Fuel flowing through a fuel injector typically exits at a nozzle end of the fuel injector. The nozzle end is believed to have a disk with at least one orifice to control, in part, the spray pattern and the direction of the fuel exiting the fuel injector.
The orifice used in fuel injectors is believed to be formed by drilling through a workpiece that can be of a suitable cross section. The work piece is believed to be further machined so that the work piece can be assembled with the nozzle end of a fuel injector.

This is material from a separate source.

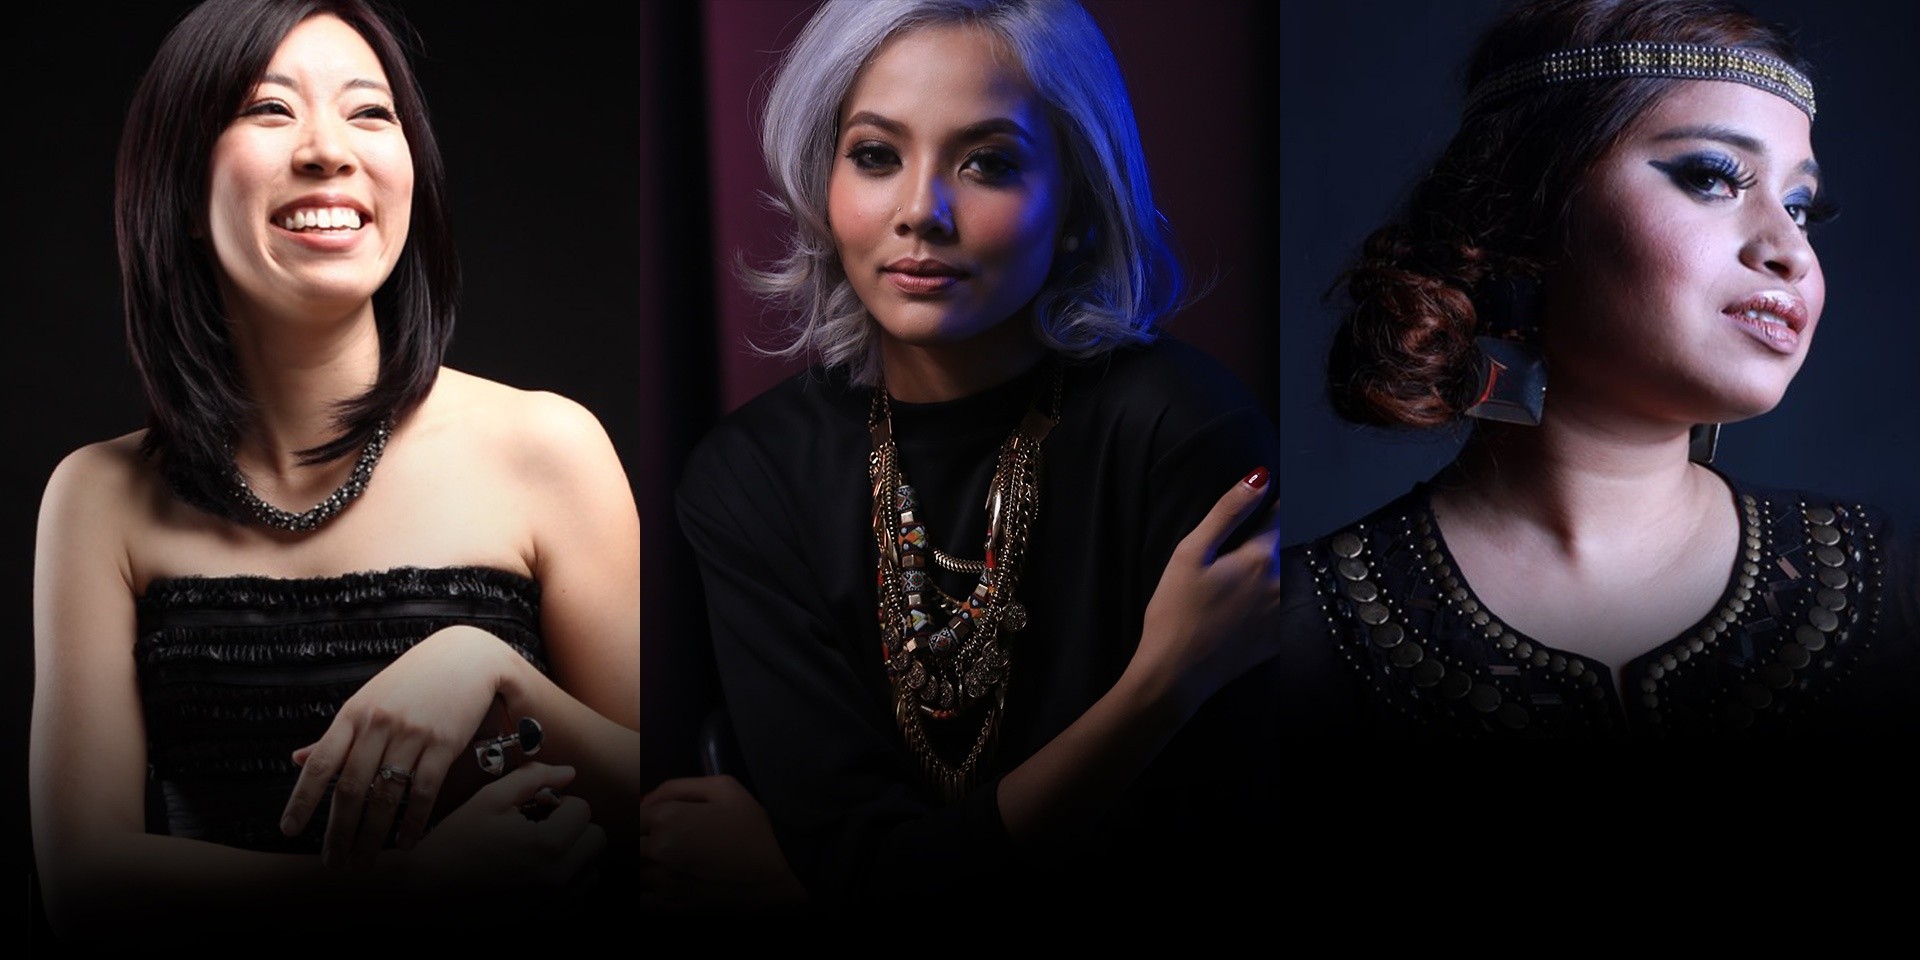 Corrinne May to perform at Marina Bay Sands with Aisyah Aziz and Roze Kasmani

At least two laser-machining techniques are believed to be used for machining orifices. One is percussion drilling, and the other is trepanning or helical drilling. Percussion drilling is believed to be less than desirable due to a variation in beam profile and targeting or the random nature of metal heating and expulsion that most likely result in a non-cylindrical or non-circular orifice. Trepanning, on the other hand, is believed to be more precise as a center hole is believed to be initially formed before the formation of the orifice and is believed to create less debris during machining. Helical drilling is similar to trepanning but without the initial formation of a center hole.

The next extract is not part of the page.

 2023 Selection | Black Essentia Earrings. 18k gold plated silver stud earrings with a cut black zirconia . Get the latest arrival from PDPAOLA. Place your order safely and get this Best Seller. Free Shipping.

Regardless of the techniques, a single laser is typically used to machine a single work piece at a time in such laser system. In order to maximize the use of the laser system, it would be desirable to increase the ability to form more than one orifice at a time on a single work piece or to form orifices on more than one work piece at a time. It would also be desirable to increase the number of consistent quality orifices produced by a single laser machining system.
The present invention provides for at least one method of generating multiple focus spots on a work piece by a single laser light source in a laser system. The laser light source has a laser beam extending along a beam axis that intersects with a work piece. The work piece has a first surface spaced from a second surface at between 50 to 600 microns. In one preferred embodiment of the invention, the method can be achieved, in part, by directing a first perimeter of the laser beam to a first position on at least one of the surfaces of the work piece at a first power density sufficient to machine materials on the work piece between the first and second surfaces; and redirecting a portion of the laser beam within the first perimeter that forms a second perimeter to a second position on the at least one surface of the work piece at a second power density sufficient to machine materials on the work piece between the first and second surfaces.